Earlier, he had wanted to be an actor—characteristically, a “great actor”; then he decided that he was “predestined to play in life itself the part which [he] had wanted to play upon the stage.” His role, unfortunately, had much of the burlesque about it. (George Meredith, in his novel which deals with some incidents in the life of Lassalle, indulgently called him a “tragic comedian.”) Lassalle’s final extravaganza underscores, in its caricature, his personal life and some of his political activities. Obsessed by reveries of knighterrantry, gallantry, and glory, he died in 1864 in a quixotic duel that he provoked over a girl whom he described as an “abandoned prostitute.”

David Footman, an English writer of fiction and biography, obviously sees in Lassalle, who was “larger than life and rather more vivid,” an ideal subject for his literary talents. This biography, based on easily available published material, and bearing the subtitle “The Romantic Revolutionary,” possesses the virtue of not quite measuring up to the standards of a Hollywood scenario. Mr. Footman is never gross, albeit sometimes naive in his effort at delicacy, especially in reference to Lassalle’s relations with Countess Hatzfeldt. Lassalle’s affaires are handled in the best of taste; a Victorian might be shocked, but modern readers, who are assured by the author that there are “few of us who will not find in Ferdinand Lassalle some disconcerting echo of our inner selves,” will find the tale hardly titillating.

_____________

 

To his credit, the biographer does not confine himself to Lassalle’s loves, and constantly stresses his political and intellectual activities. The trouble is that Mr. Footman’s insights are superficial, and the inclusion of a page-and-a-half bibliographical note does not make it a work of scholarship. (Its publication by a university press is some cause for wonder.) True, the author has drawn upon the better known studies of Lassalle—but then the contents indicate that even more clearly than the bibliography.
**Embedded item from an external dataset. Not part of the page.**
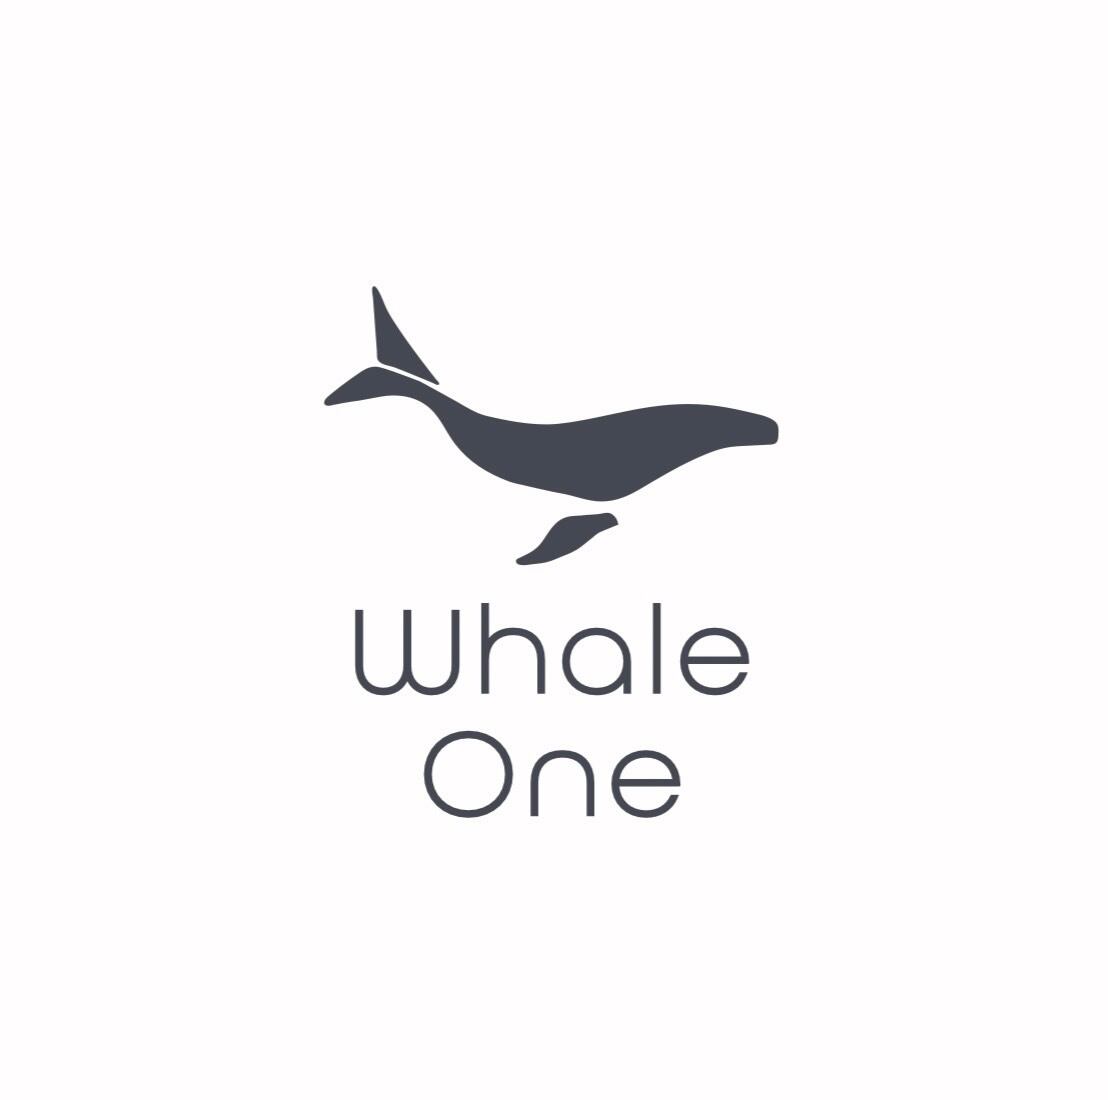 whaleone

Mr. Footman’s work suffers from a failure to assess the significance of the man, his ideas, and his influence for his time and ours. Lassalle was undoubtedly a ludicrous, incongruous figure. But he was more than that. In the Germanies of his lifetime, Lassalle had no monopoly on restlessness, flagrant excesses, snobbery, egocentrism, ruthless ambition, and a willingness, not necessarily cynical, to sacrifice all principle to expediency. Indeed, he might be viewed more as a social type than an aberration. Was not Lassalle’s generation typical of any society “on the make,” of times of social uprootedness, when old standards seem rather irrelevant, and new ones have not yet crystallized? By neglecting this context, except in a formal and uncritical way, Mr. Footman misses the significance of Lassalle’s personality.

Mr. Footman does not even raise the problem which Lassalle, the national socialist, posed almost a hundred years ago and which bedevils us today—that of the interrelationship of nationalism, socialism, and demogoguery in this age of mass literacy and universal suffrage. Karl Marx, who considered Lassalle both a foe and an upstart, grudgingly admitted that he was “an enemy of our enemies” and acknowledged the “immortal service” of the founder of the General German Workers Association in reviving the workers’ movement after the failure of the revolution of 1848. Lassalle “was after all the only man they were afraid of in Germany,” wrote Engels on learning of Lassalle’s death, although he later acknowledged that “for us. . . he would have been a fairly certain enemy in the future.” Both Marx and Lassalle agreed on the need of destroying the middle class. Differing, however, on the means to attain this end, they developed serious differences about the end as well.

_____________

 

Like the struggle, seemingly trivial in its origin, between the Bolsheviks and Mensheviks in Russia over what to many appeared to be innocent and unimportant questions of phraseology, the conflict between Marx and Lassalle was much more than personal and did not end with the death of the contestants. Was Lassalle, with his program of economic amelioration and state-supported cooperatives, his political machinations—such as his readiness to align socialists on the side of Bismarck and the Prussian state—a forerunner of the type of political figure which has been so destructive of liberal values and socialist aspirations? Lassalle, who could “see in the crown the natural bearer of social dictatorship,” who held out the hope that the crown would “pursue a really revolutionary direction”; Lassalle, who boasted that he never heard a “No” addressed to him by his followers; Lassalle, who held that “we must weld the wills of all of us into a single hammer, and must place this hammer in the hands of a man in. . . [whom]. . . we have the necessary confidence so that he may be able with that hammer to strike! . . . With us there is not a trace of that malcontent spirit of Liberalism, of that malady of individual opinion. . . .” Shades of Hitler?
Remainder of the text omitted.